• STORED DATA:
==========
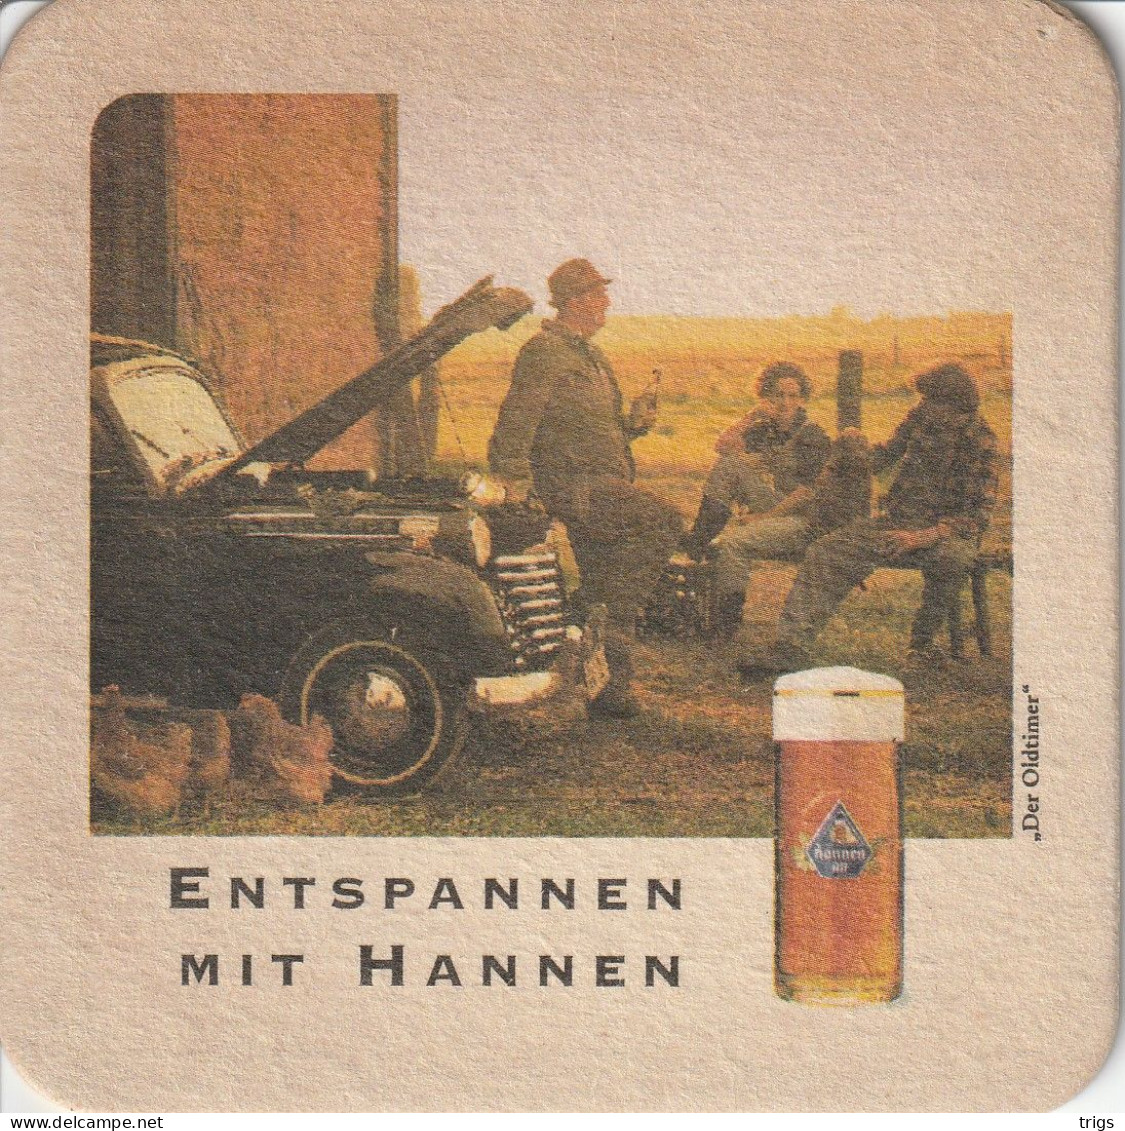 Hannen Alt - Beer Mats
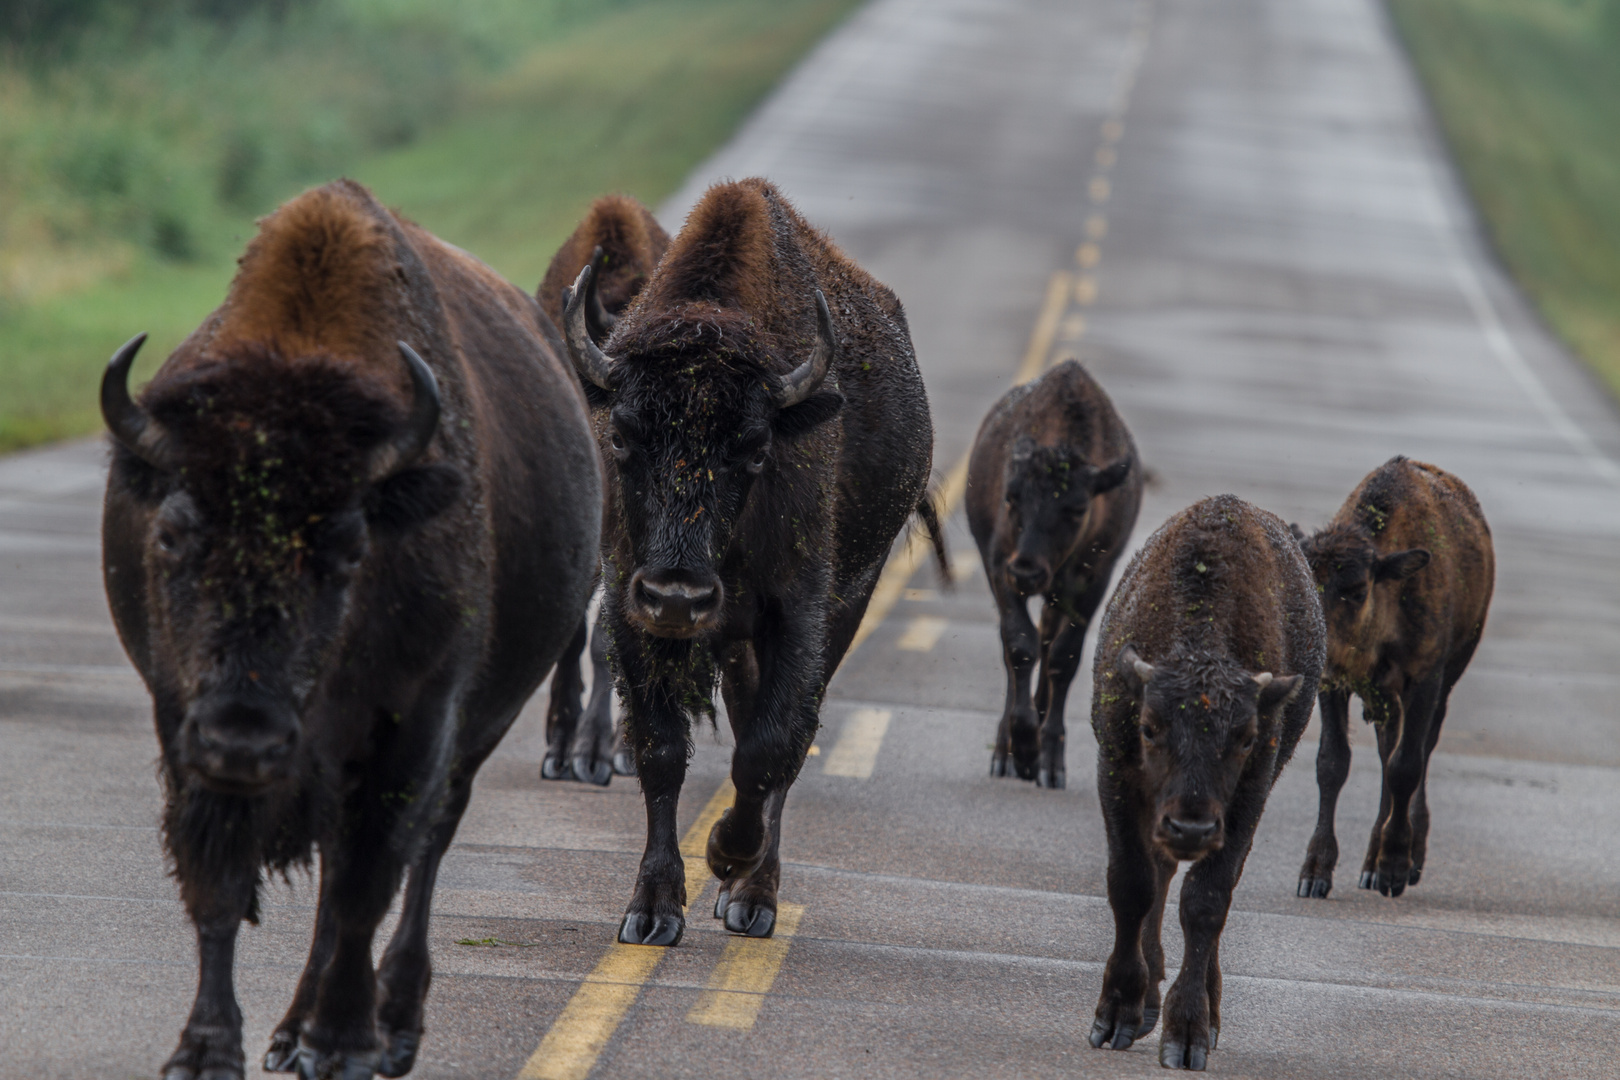 bisons ahead
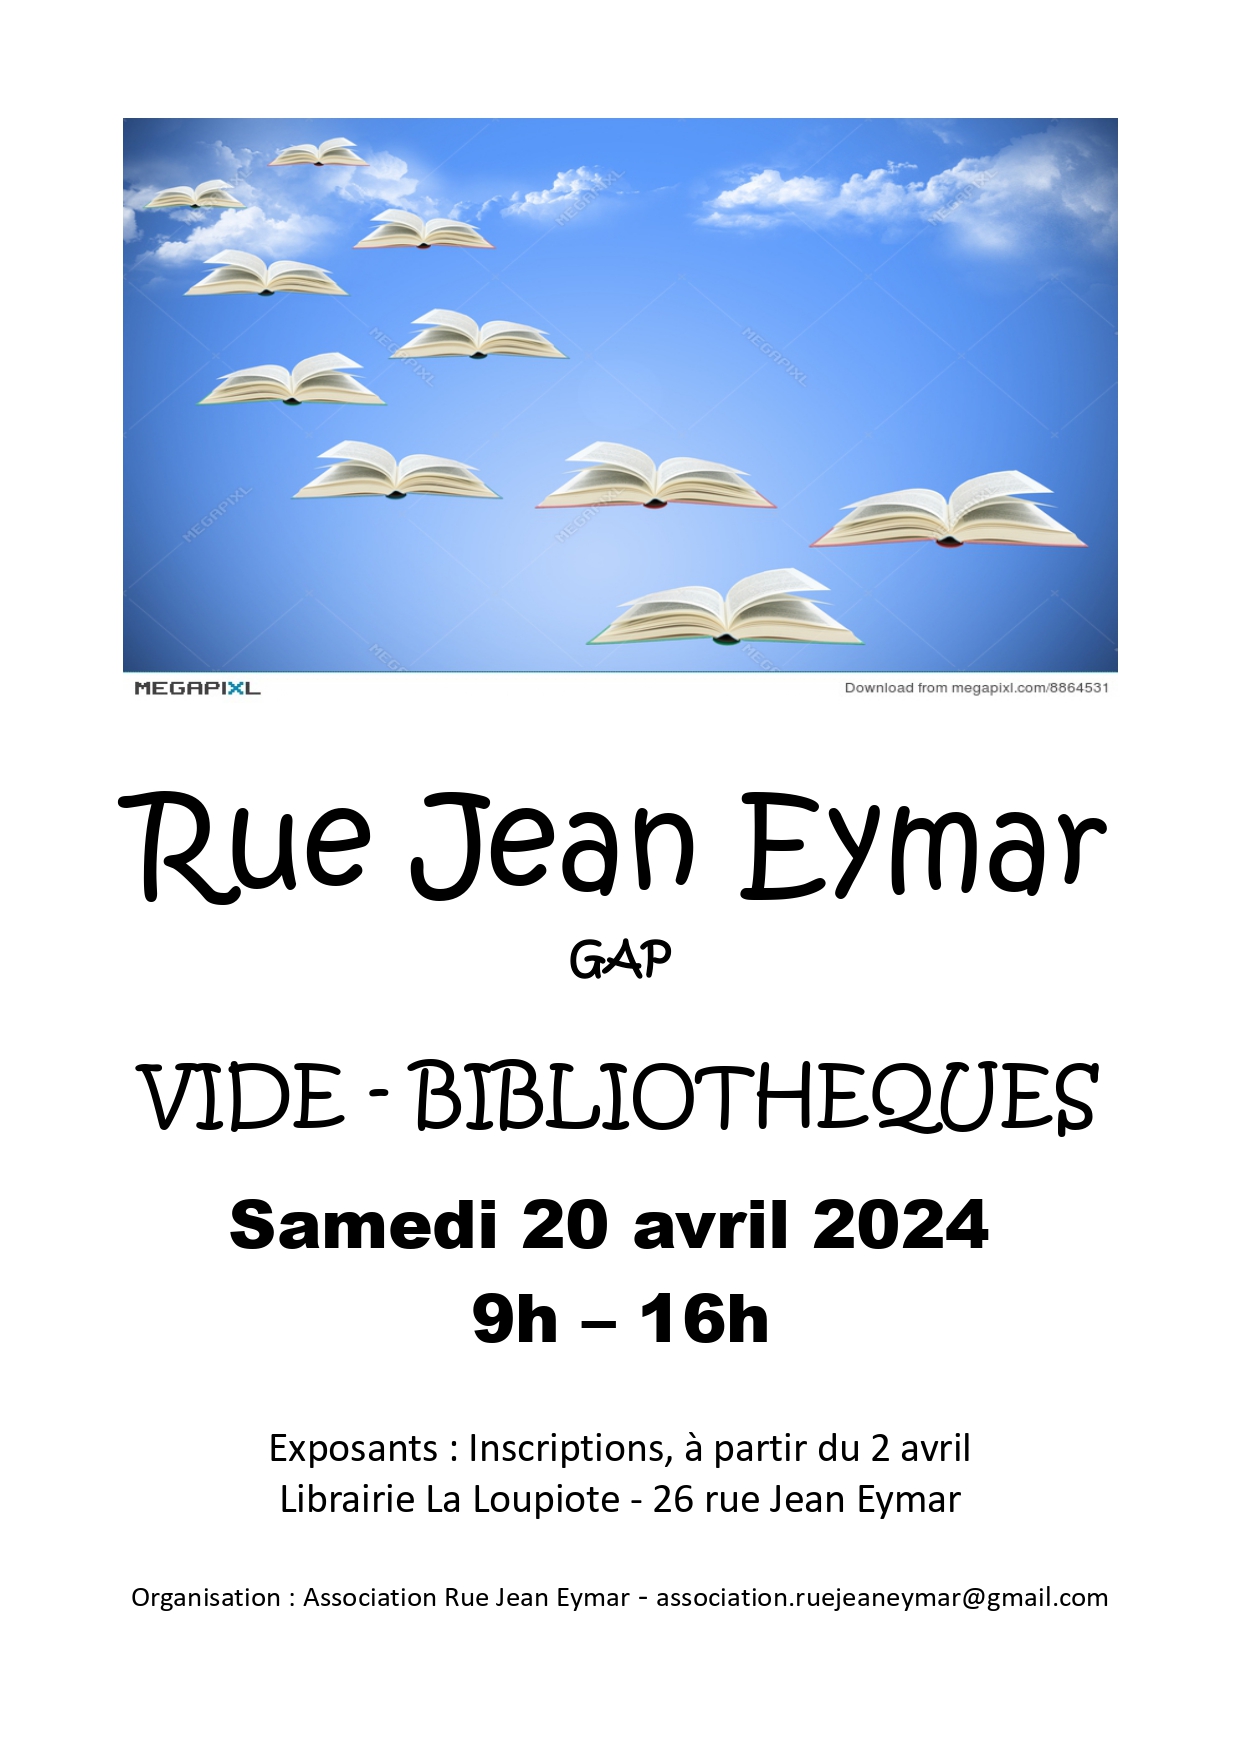 Vide-bibliothèques de la rue Jean Eymar
==========
• EXERCISE DETAILS: Exact copy, pictures removed: set down the whole listing above.

• FINISHED TASK:
 Hannen Alt - Beer Mats
 bisons ahead
 Vide-bibliothèques de la rue Jean Eymar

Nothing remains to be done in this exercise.